Dsxir.context(lm.(1.0), fn ->
  Dsxir.Predictor.BestOfN.run(
    Dsxir.Program.new(Crt.Reason),
    %{question: question},
    &amp;Crt.Reward.correct?/2,
    n: 5,
    threshold: 1.0
  )
end)

drain = fn drain, acc ->
  receive do
    {event, ^ref, measurements, _meta} ->
      drain.(drain, [{List.last(event), measurements} | acc])
  after
    0 -> Enum.reverse(acc)
  end
end

events = drain.(drain, [])
:telemetry.detach(ref)
events
[attempt: %{reward: 1.0}, stop: %{best_reward: 1.0}]

The event names per wrapper:

  • BestOfN[:dsxir, :predictor, :best_of_n, :attempt] (one per sample) and [:dsxir, :predictor, :best_of_n, :stop] (carries best_reward).
  • Refine[:dsxir, :predictor, :refine, :attempt] and :stop.
  • Ensemble[:dsxir, :predictor, :ensemble, :member] (one per program, with ok?/failed?) and [:dsxir, :predictor, :ensemble, :stop] (with members_run and successes).
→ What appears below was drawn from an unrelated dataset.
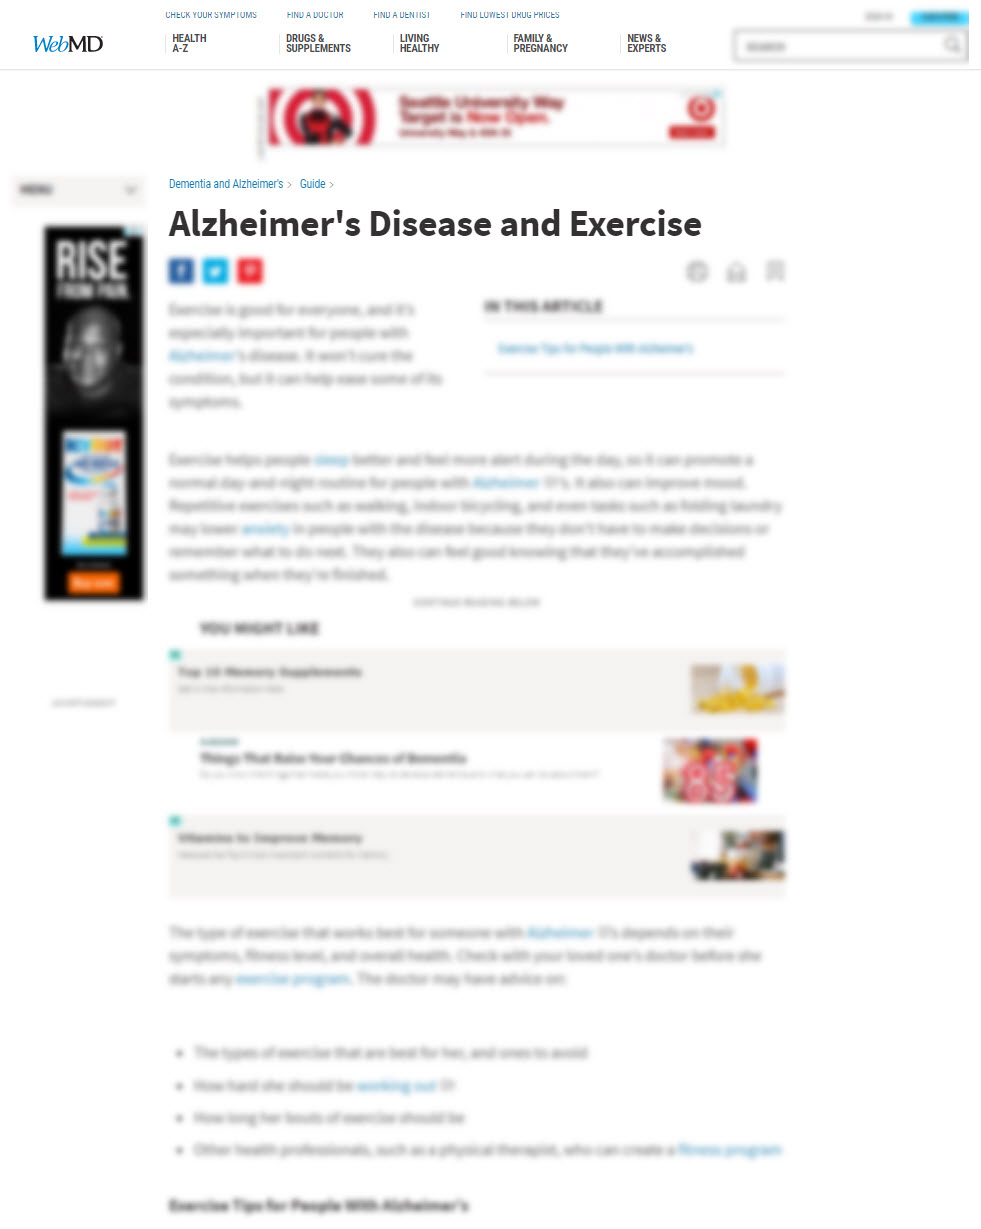 Alzheimer's Disease and Exercise

Every event merges the active Dsxir.Settings :metadata, so a Dsxir.context([metadata: %{tenant_id: ...}], ...) block tags each attempt — exactly what you want for per-tenant cost dashboards.

Choosing between them

  • Can you score an answer but not fix it? BestOfN. Cheapest path to reliability when a verifier exists.
  • Are attempts expensive and a blind retry unlikely to help? Refine. Pay for a critique so the next attempt is informed, not random.
  • Want to combine independent runs and reduce variance? Ensemble. Remember it reduces variance, not bias — diversify the members.
  • Already have several reasoning chains and want the model to reconcile them? MultiChainComparison. One extra call to reason about the disagreement rather than vote on it.

These are not mutually exclusive. A common production shape: Ensemble over several ChainOfThought rolls to gather diverse chains, then feed those chains to MultiChainComparison for a reasoned final answer — or wrap the whole forward/2 in BestOfN against a verifier on top.